A Stronger LP Bound for Formula Size Lower Bounds via Clique Constraints

TL;DR

This paper advances the understanding of formula size lower bounds by introducing a new LP-based technique using clique constraints, improving bounds for majority functions and recursive ternary majority functions.

Contribution

It develops a novel LP bound method leveraging the stable set polytope, providing improved lower bounds for specific monotone functions and matching upper bounds for recursive ternary majority functions.

Findings

Improved formula size lower bounds for majority functions.

Established matching upper and lower bounds for unbalanced recursive ternary majority functions.

Enhanced lower bounds for balanced recursive ternary majority functions using quantum adversary bounds.

Abstract

We introduce a new technique proving formula size lower bounds based on the linear programming bound originally introduced by Karchmer, Kushilevitz and Nisan [11] and the theory of stable set polytope.

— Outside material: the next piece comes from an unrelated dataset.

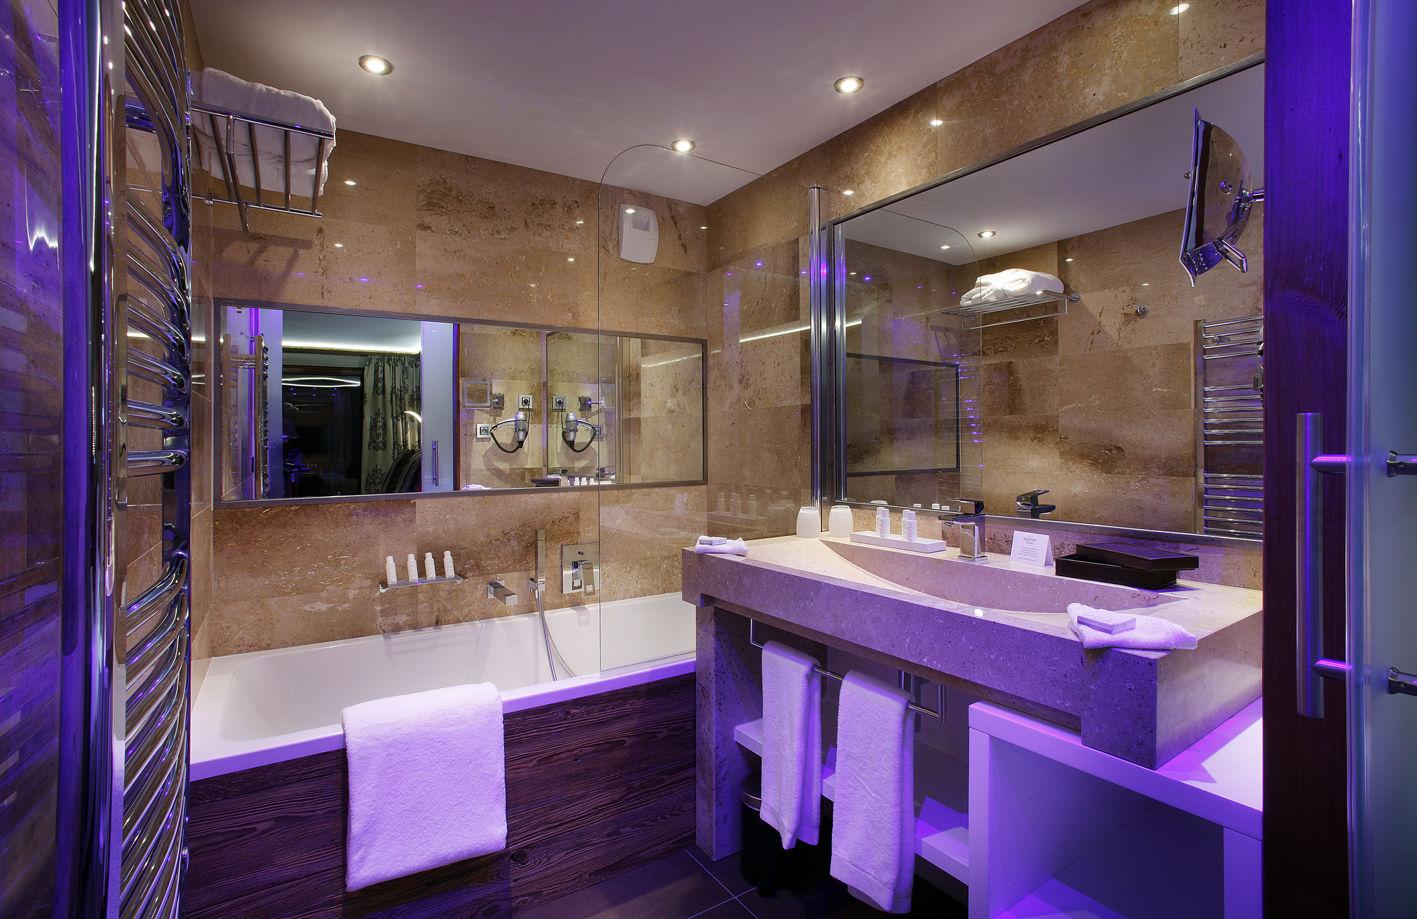 duo-room-26-m%c2%b2-bathroom

We apply it to majority functions and prove their formula size lower bounds improved from the classical result of Khrapchenko [13]. Moreover, we introduce a notion of unbalanced recursive ternary majority functions motivated by a decomposition theory of monotone self-dual functions and give integrally matching upper and lower bounds of their formula size. We also show monotone formula size lower bounds of balanced recursive ternary majority functions improved from the quantum adversary bound of Laplante, Lee and Szegedy [15].